Background & Motivation¶
Background: Human motion prediction (HMP) is a fundamental capability for surveillance, healthcare, autonomous driving, and human-computer interaction. Early methods focused on single-person prediction using only the target's historical actions; later, "scene-aware" methods incorporated static scenes as a whole, while "social-aware" methods implicitly modeled interactions between multiple people using attention mechanisms.
Limitations of Prior Work: Real-world scenes are dynamic and interaction-dense—humans approach others to talk, avoid collisions, and interact with the environment (e.g., sitting on stairs, lying on beds). However, scene-aware methods focus on static environments while ignoring multi-person social dynamics, and social-aware methods focus on multiple people while ignoring scene information. The only work to consider both, SAST (Mueller et al., 2024), uses a diffusion model but extracts human and scene features in a decoupled manner, failing to fully capture interactions. Moreover, it relies on pre-defined scene semantic segmentation labels, which are difficult to obtain from raw sensor data.
Key Challenge: To uniformly model all "human-related interactions" within a single framework, two questions must be addressed: (1) How to design effective representations to characterize the multi-level and diverse interactions between humans and the environment/each other? (2) Given a good interaction representation, how can it be effectively utilized to improve prediction accuracy?
Goal: Achieve precise human motion prediction in dynamic social scenes by handling both HHI and HSI without relying on scene semantic annotations.

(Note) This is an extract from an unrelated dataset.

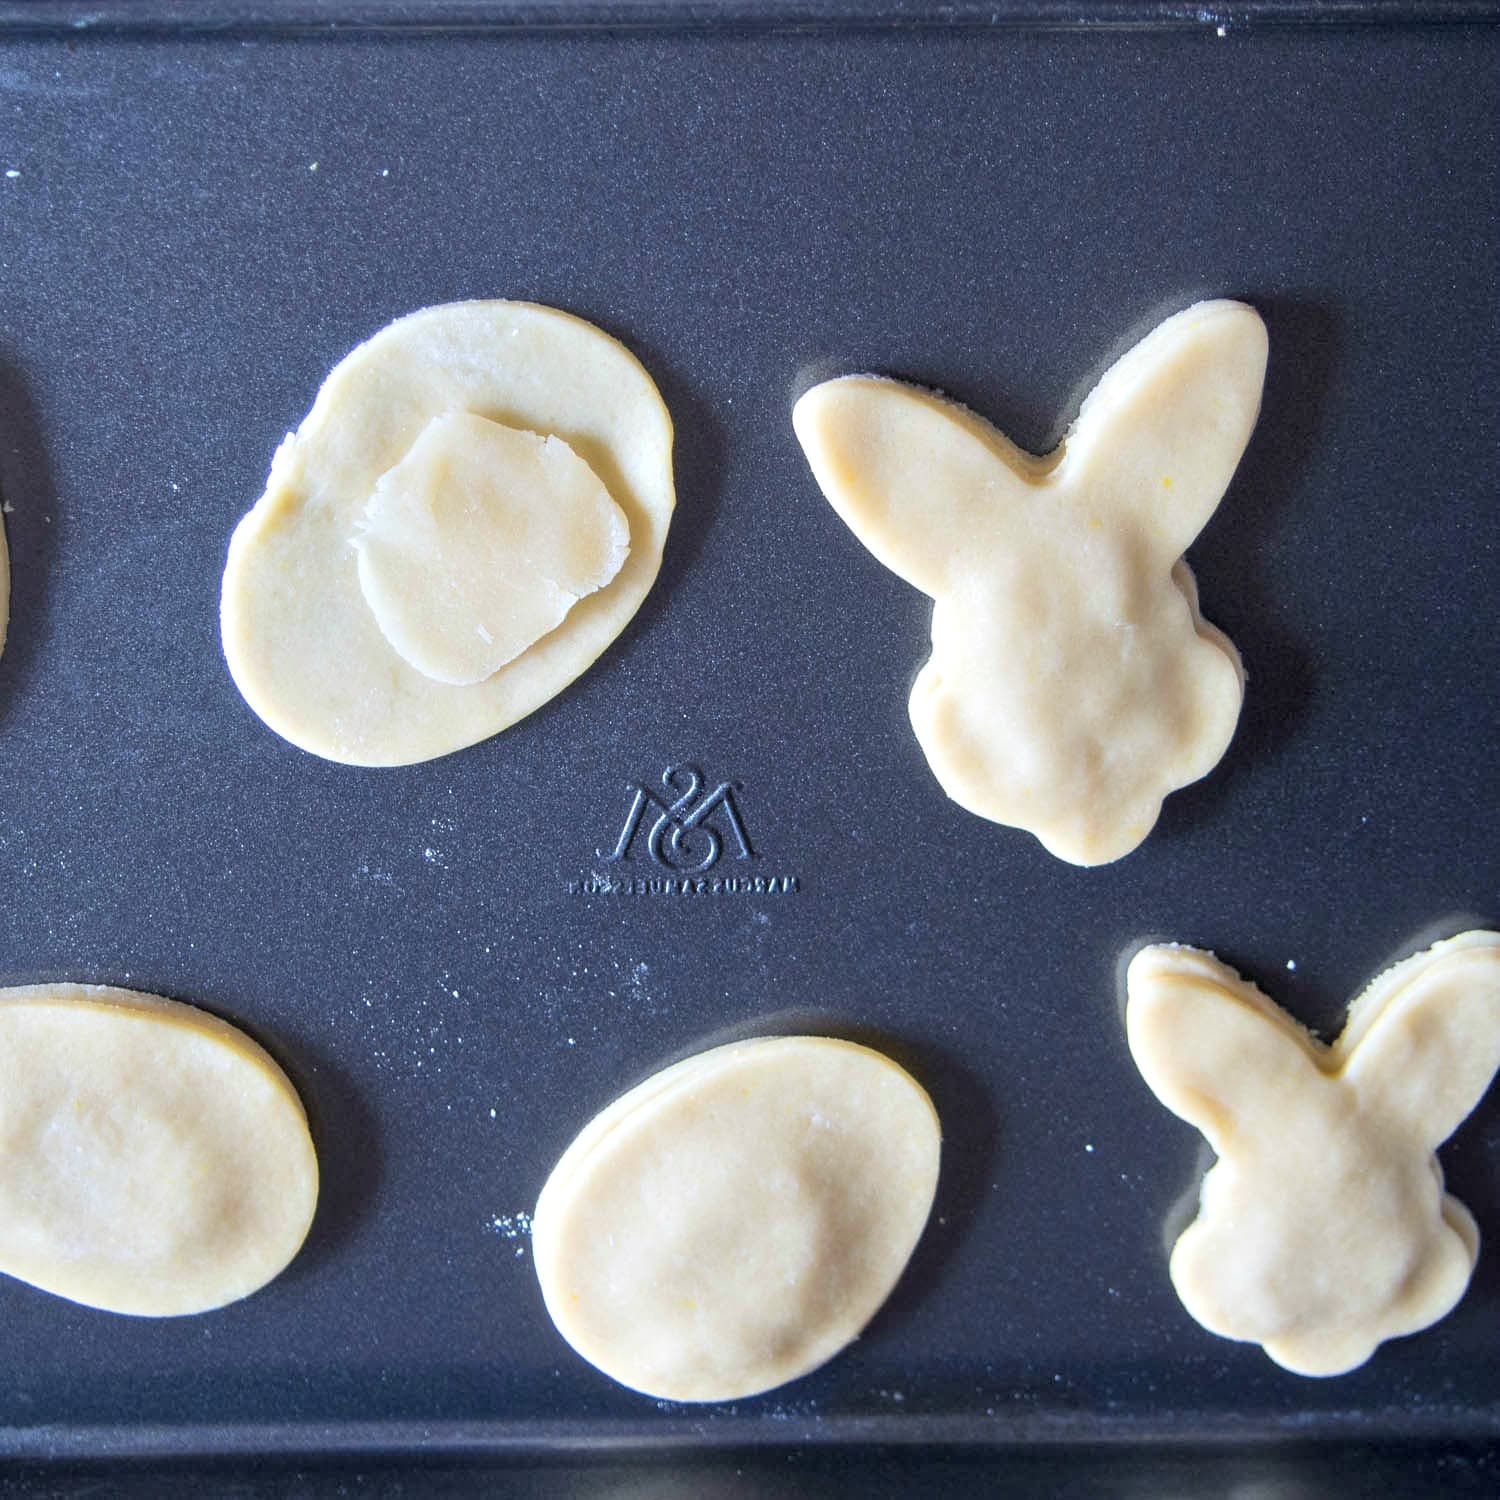 Making Figolli Cookies

Core Idea: Hierarchical Interaction Modeling + Coarse-to-Fine Reasoning. "Interaction distance" is used to explicitly characterize interactions, constructing hierarchical representations of high-level semantics and low-level geometry. During reasoning, high-level features are first used to establish global understanding, followed by the layer-wise introduction of low-level features for detail refinement, while simultaneously suppressing high-frequency updates in the frequency domain.
Method¶
Overall Architecture¶
HUMOF receives three inputs: the target human's historical motion sequence, the 3D point cloud of the scene, and the historical motion sequences of nearby individuals. Motion is mapped to the frequency domain via a "DCT+GCN" motion encoder. Interactions are encoded into hierarchical tokens by two separate branches: Human-Human Interaction (HHI) and Human-Scene Interaction (HSI). Finally, a "Coarse-to-Fine Interaction Reasoning Module" injects HHI/HSI tokens layer-by-layer to decode future motion.
flowchart LR
A[Target Human History X] --> ME[Motion Encoder<br/>DCT+GCN]
B[Scene Point Cloud S] --> HSI[Hierarchical HSI<br/>Representation]
C[Other Human Motion Y] --> HHI[Hierarchical HHI<br/>Representation]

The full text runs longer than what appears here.